Fue entonces cuando una de las damas más espontáneas gritó "coño" y se acercó lentamente al hombre desnudo de piel pintada, buscando sus labios, mientras sus manos trataban de alcanzar las redondas tetas de la muchacha tirada sobre la alfombra. Se produjo un tumulto entre los invitados. Algunos se abrazaban entre ellos, otros se besaban apasionadamente mientras algunos simplemente aprovechaban la situación para despojarse de algunas de sus ropas.

Repentinamente me di cuenta de la presencia de Nadhir a mi lado. Acercó su rostro a mi oído y me susurró:

— Cuando la música termine, di al maestresala que vas a la habitación catorce. Queda en el piso uno. Aguarda diez minutos y bajas. Allí te espero.

Antes de poder preguntar nada, Nadhir ya había desaparecido entre el inquieto enjambre de invitados que se arremolinaban alrededor de la pareja de fornicadores.

Cuando la música terminó y el salón volvió a estar iluminado por una suave luz amarillenta, a duras penas pude comprender que tenía que acercarme a un viejo corpulento y calvo, trajeado de etiqueta, quien supuse debía ser el maestresala. Estaba dedicado a responder preguntas o repartir discretas instrucciones entre los invitados semidesnudos o, de plano, ya totalmente desnudos.

Me acerqué a él y le dije:

— Habitación catorce.

El hombre revisó un papel que llevaba en uno de los bolsillos de su elegante saco. Me miró desconfiando y me preguntó:

— ¿La catorce? ¿Está seguro?
— Absolutamente
— Pues, entonces, debe esperar — me ordenó, sin una pizca de amabilidad.
— ¿Cómo?
— Siéntese allí. Yo lo llamaré en unos minutos.

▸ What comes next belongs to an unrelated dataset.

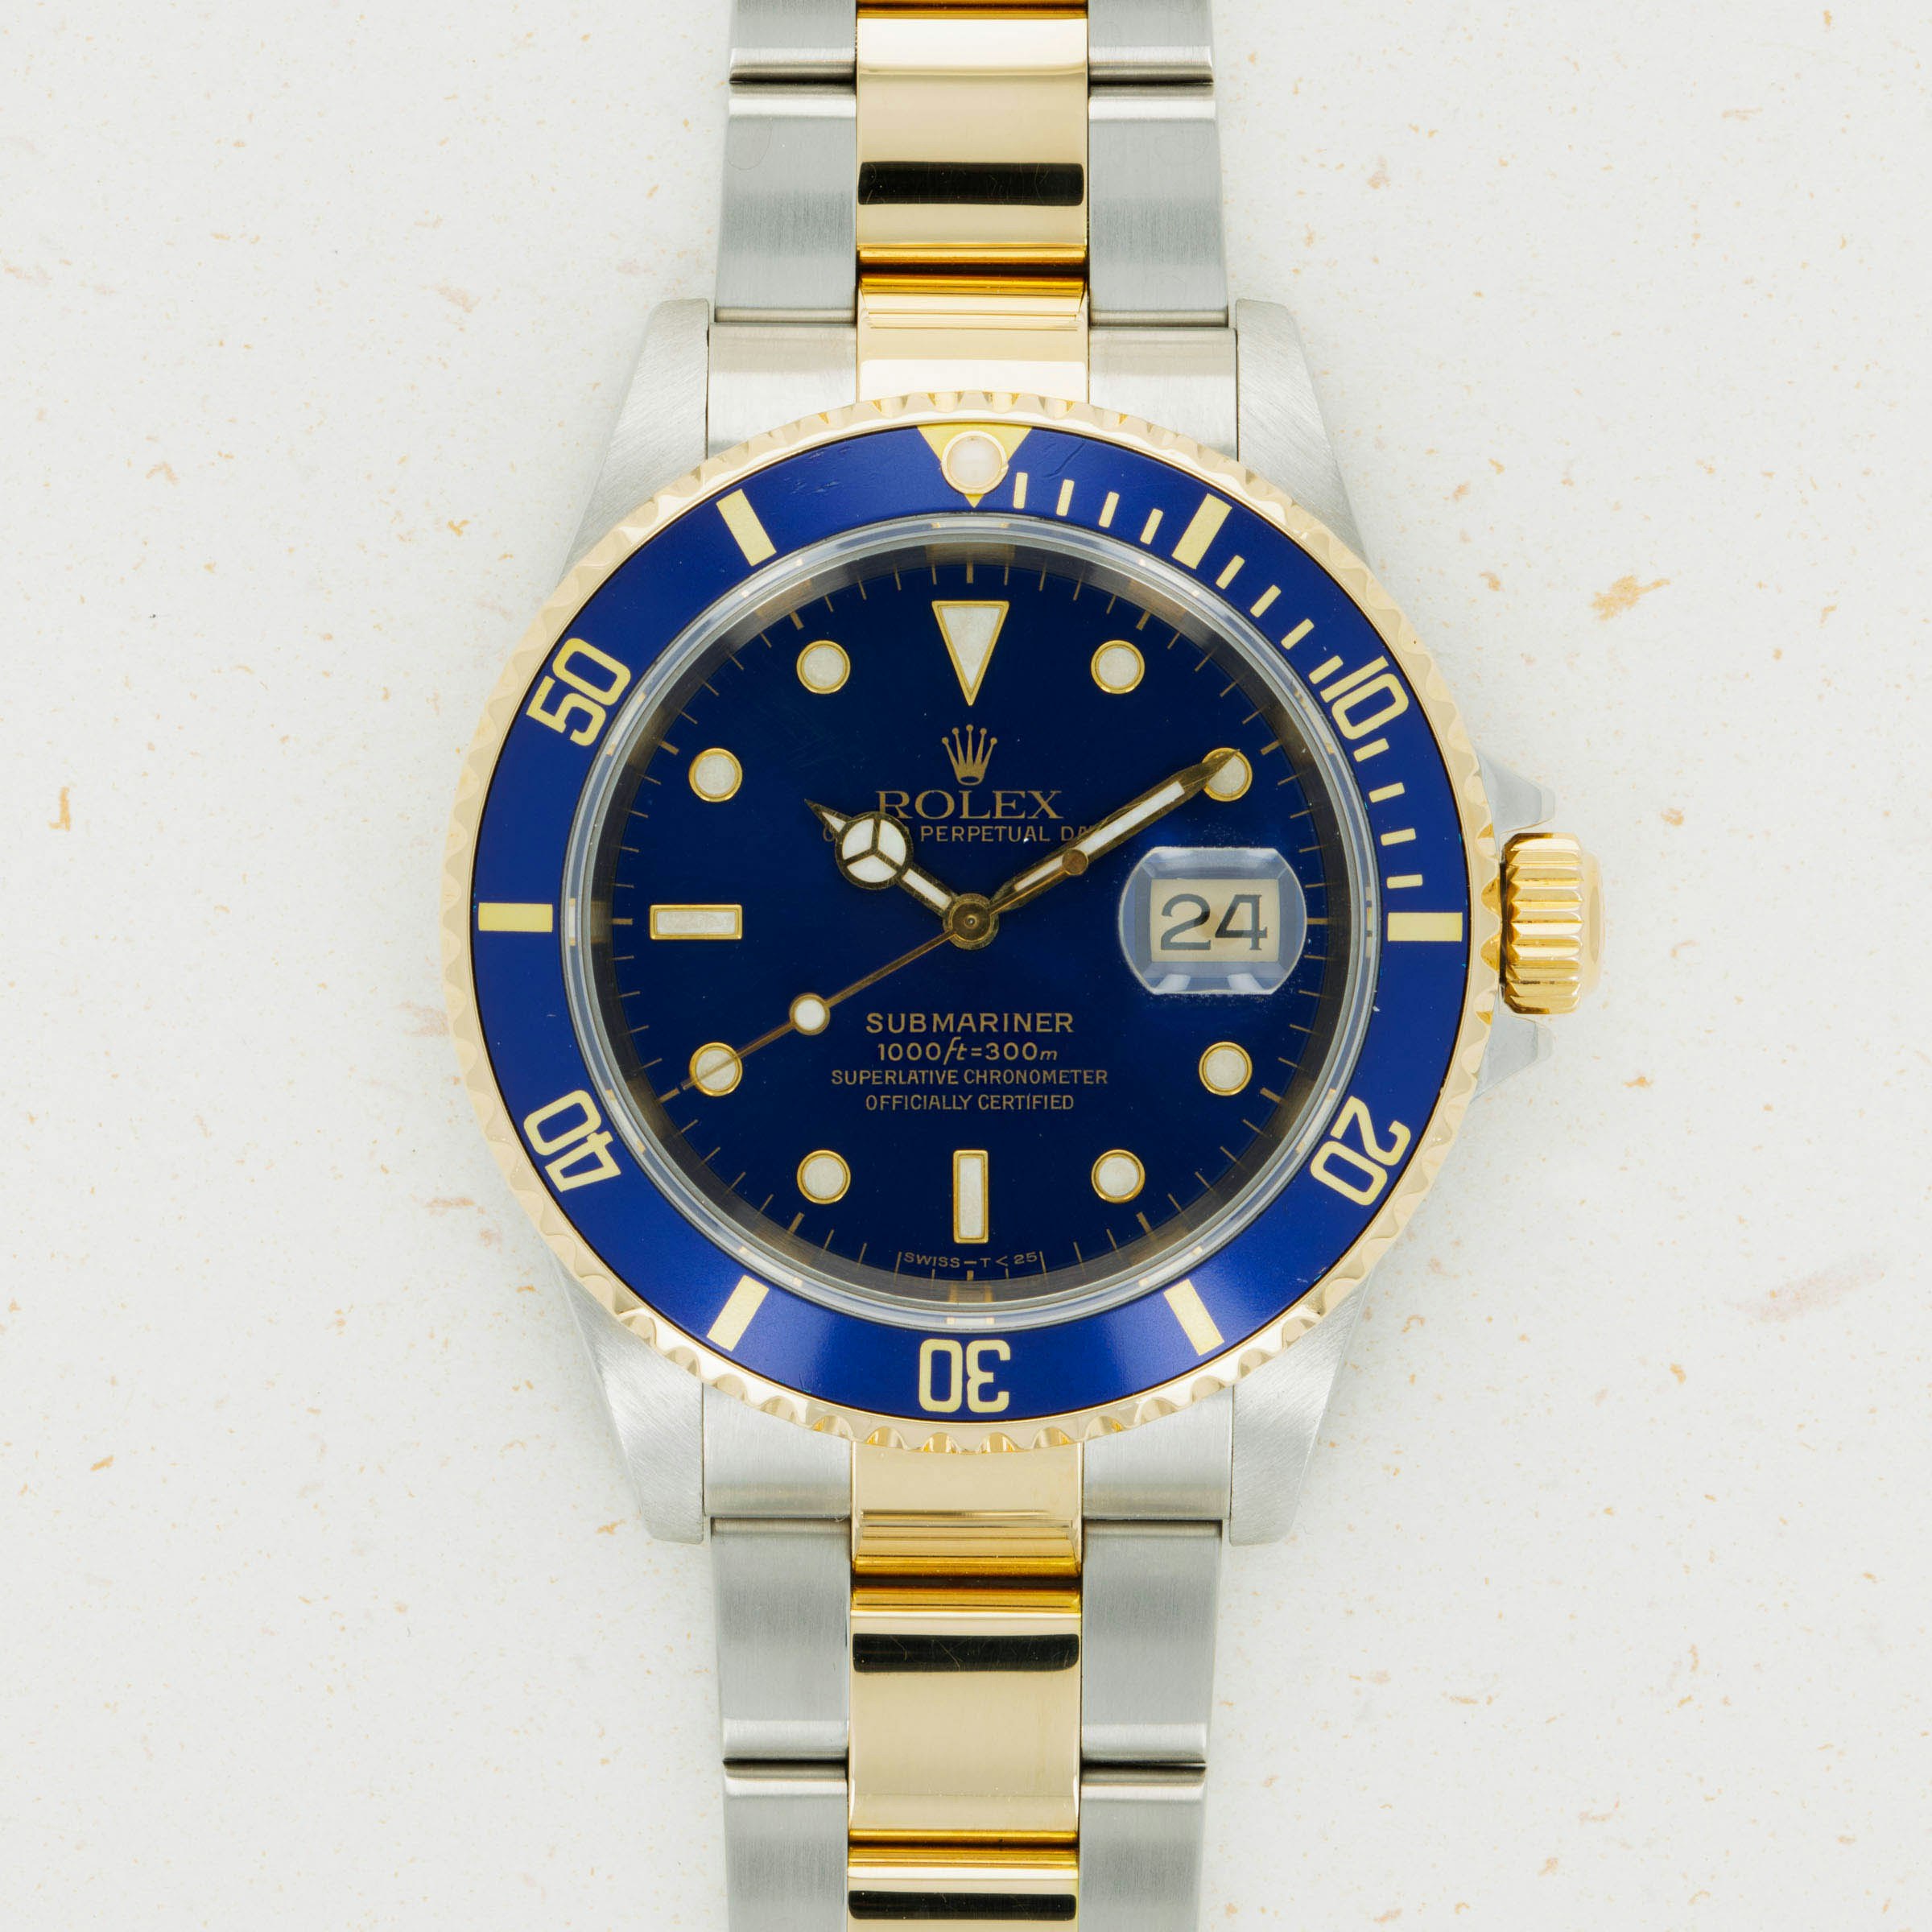 Thumbnail for Rolex Submariner Two-Tone Blue Dial 16613 *AMENDED*

De hecho, muchos no necesitaban habitación. Cualquier sitio parecía bueno para amancebarse. El viejo canoso que había besado y manoseado a Nadhir, ahora estaba en la terraza con los pantalones al suelo. Detrás de él, engarzado en un movimiento rítmico y frenético, el joven cellista lo poseía.

A los pocos minutos me llamó el viejo de etiqueta:

— Tome, señor. La catorce.

Me dio una tarjeta magnética.

Aturdido abrí la puerta y salí de la suite. El pasillo estaba vacío. Llamé al ascensor y bajé hasta el piso uno. La tarjeta, efectivamente, me permitió el acceso a la habitación número catorce. Estaba oscura, así que antes de entrar golpeé la puerta con mis nudillos:

— ¿Se puede?

Nadie respondió. Recordé que Nadhir me había pedido que esperara diez minutos después de que me entregaran la tarjeta, pero igual entré y cerré la puerta tras de mí. Había una lamparita de noche encendida, pero no había nadie dentro de la habitación. La brisa que entraba por el acceso que daba al balcón movió la cortina. Detrás de ella, parada en la pequeña terraza, estaba Nadhir.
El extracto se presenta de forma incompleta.